* _DATA SUPPLIED_
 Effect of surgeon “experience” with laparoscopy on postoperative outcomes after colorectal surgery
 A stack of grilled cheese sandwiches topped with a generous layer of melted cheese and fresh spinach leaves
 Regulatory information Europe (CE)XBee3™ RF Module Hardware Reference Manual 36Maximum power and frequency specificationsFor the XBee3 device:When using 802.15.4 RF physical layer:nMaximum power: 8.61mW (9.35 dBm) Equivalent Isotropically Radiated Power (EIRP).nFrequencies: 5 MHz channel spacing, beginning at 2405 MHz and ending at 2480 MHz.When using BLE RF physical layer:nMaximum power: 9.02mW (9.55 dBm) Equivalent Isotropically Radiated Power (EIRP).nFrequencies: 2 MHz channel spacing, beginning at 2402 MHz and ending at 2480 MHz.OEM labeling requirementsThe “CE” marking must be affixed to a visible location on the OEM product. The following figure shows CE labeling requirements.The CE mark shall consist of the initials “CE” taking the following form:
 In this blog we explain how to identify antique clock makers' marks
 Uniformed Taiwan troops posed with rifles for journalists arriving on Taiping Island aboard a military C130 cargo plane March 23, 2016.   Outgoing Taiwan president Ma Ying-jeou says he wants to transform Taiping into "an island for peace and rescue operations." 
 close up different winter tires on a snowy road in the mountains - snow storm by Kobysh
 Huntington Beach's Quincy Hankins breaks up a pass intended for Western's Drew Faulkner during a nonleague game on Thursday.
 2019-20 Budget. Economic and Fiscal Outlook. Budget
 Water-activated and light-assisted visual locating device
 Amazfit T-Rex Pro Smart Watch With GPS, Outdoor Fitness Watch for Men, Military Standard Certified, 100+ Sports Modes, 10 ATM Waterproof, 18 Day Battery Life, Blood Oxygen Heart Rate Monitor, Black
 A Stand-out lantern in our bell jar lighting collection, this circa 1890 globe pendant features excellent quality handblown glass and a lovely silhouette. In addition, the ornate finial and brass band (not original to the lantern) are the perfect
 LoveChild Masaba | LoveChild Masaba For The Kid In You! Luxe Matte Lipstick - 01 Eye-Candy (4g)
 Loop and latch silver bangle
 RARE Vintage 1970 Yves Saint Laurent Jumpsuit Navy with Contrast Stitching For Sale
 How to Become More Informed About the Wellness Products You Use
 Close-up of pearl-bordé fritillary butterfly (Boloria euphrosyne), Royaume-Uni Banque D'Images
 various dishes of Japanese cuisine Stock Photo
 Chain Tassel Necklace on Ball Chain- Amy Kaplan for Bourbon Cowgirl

* _ASSIGNMENT_
The answer is the run of lines above from the line containing "Huntington Beach's Quincy" through the line containing "A Stand-out lantern", copied exactly and alone.

* _OUTPUT OF THE EXERCISE_
 Huntington Beach's Quincy Hankins breaks up a pass intended for Western's Drew Faulkner during a nonleague game on Thursday.
 2019-20 Budget. Economic and Fiscal Outlook. Budget
 Water-activated and light-assisted visual locating device
 Amazfit T-Rex Pro Smart Watch With GPS, Outdoor Fitness Watch for Men, Military Standard Certified, 100+ Sports Modes, 10 ATM Waterproof, 18 Day Battery Life, Blood Oxygen Heart Rate Monitor, Black
 A Stand-out lantern in our bell jar lighting collection, this circa 1890 globe pendant features excellent quality handblown glass and a lovely silhouette. In addition, the ornate finial and brass band (not original to the lantern) are the perfect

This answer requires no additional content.